Resetting transcription factor control circuitry toward ground-state pluripotency in Human. Photo Credit: Takashima et al., Cell (2014)



Embryonic stem (ES) cells, which originate in early development, are capable of differentiating into any type of cell. Until now, scientists have only been able to revert ‘adult’ human cells (for example, liver, lung or skin) into pluripotent stem cells with slightly different properties that predispose them to becoming cells of certain types. Authentic ES cells have only been derived from mice and rats.
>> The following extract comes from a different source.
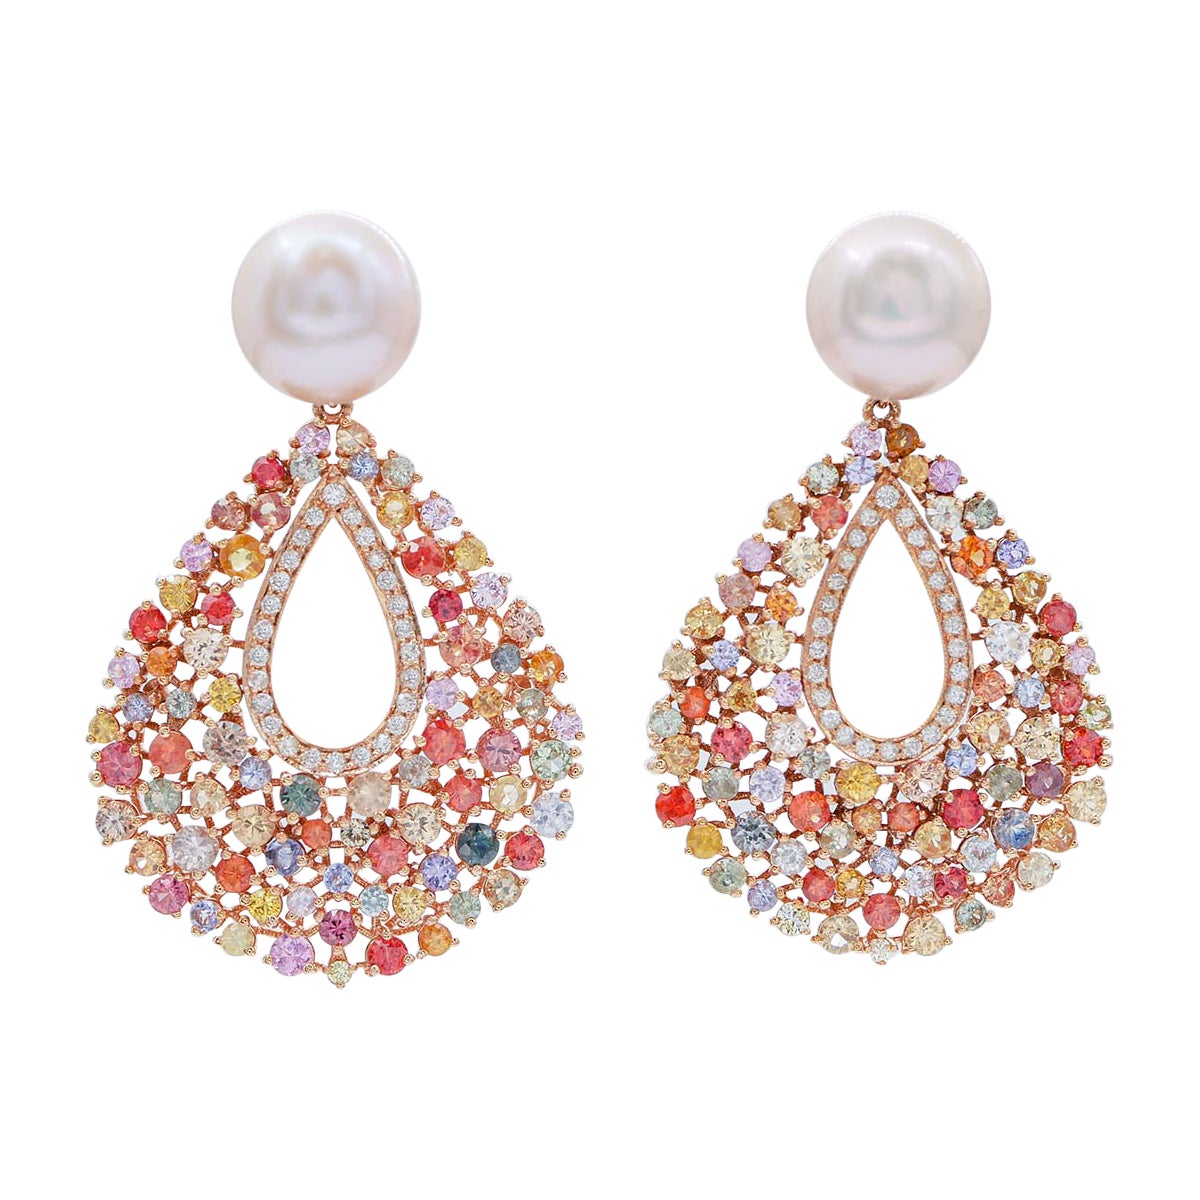 Boucles d'oreilles en or rose 14 carats, tanzanite, saphirs multicolores et diamants

“Reverting mouse cells to a completely ‘blank slate’ has become routine, but generating equivalent naïve human cell lines has proven far more challenging,” says Dr Paul Bertone, Research Group Leader at EMBL-EBI and a senior author on the study. “Human pluripotent cells resemble a cell type that appears slightly later in mammalian development, after the embryo has implanted in the uterus.”


At this point, subtle changes in gene expression begin to influence the cells, which are then considered ‘primed’ towards a particular lineage. Although pluripotent human cells can be cultured from in vitro fertilised (IVF) embryos, until now there have been no human cells comparable to those obtained from the mouse.


Wiping cell memory

“For years, it was thought that we could be missing the developmental window when naïve human cells could be captured, or that the right growth conditions hadn’t been found,” Paul explains. “But with the advent of iPS cell technologies, it should have been possible to drive specialised human cells back to an earlier state, regardless of their origin – if that state existed in primates.”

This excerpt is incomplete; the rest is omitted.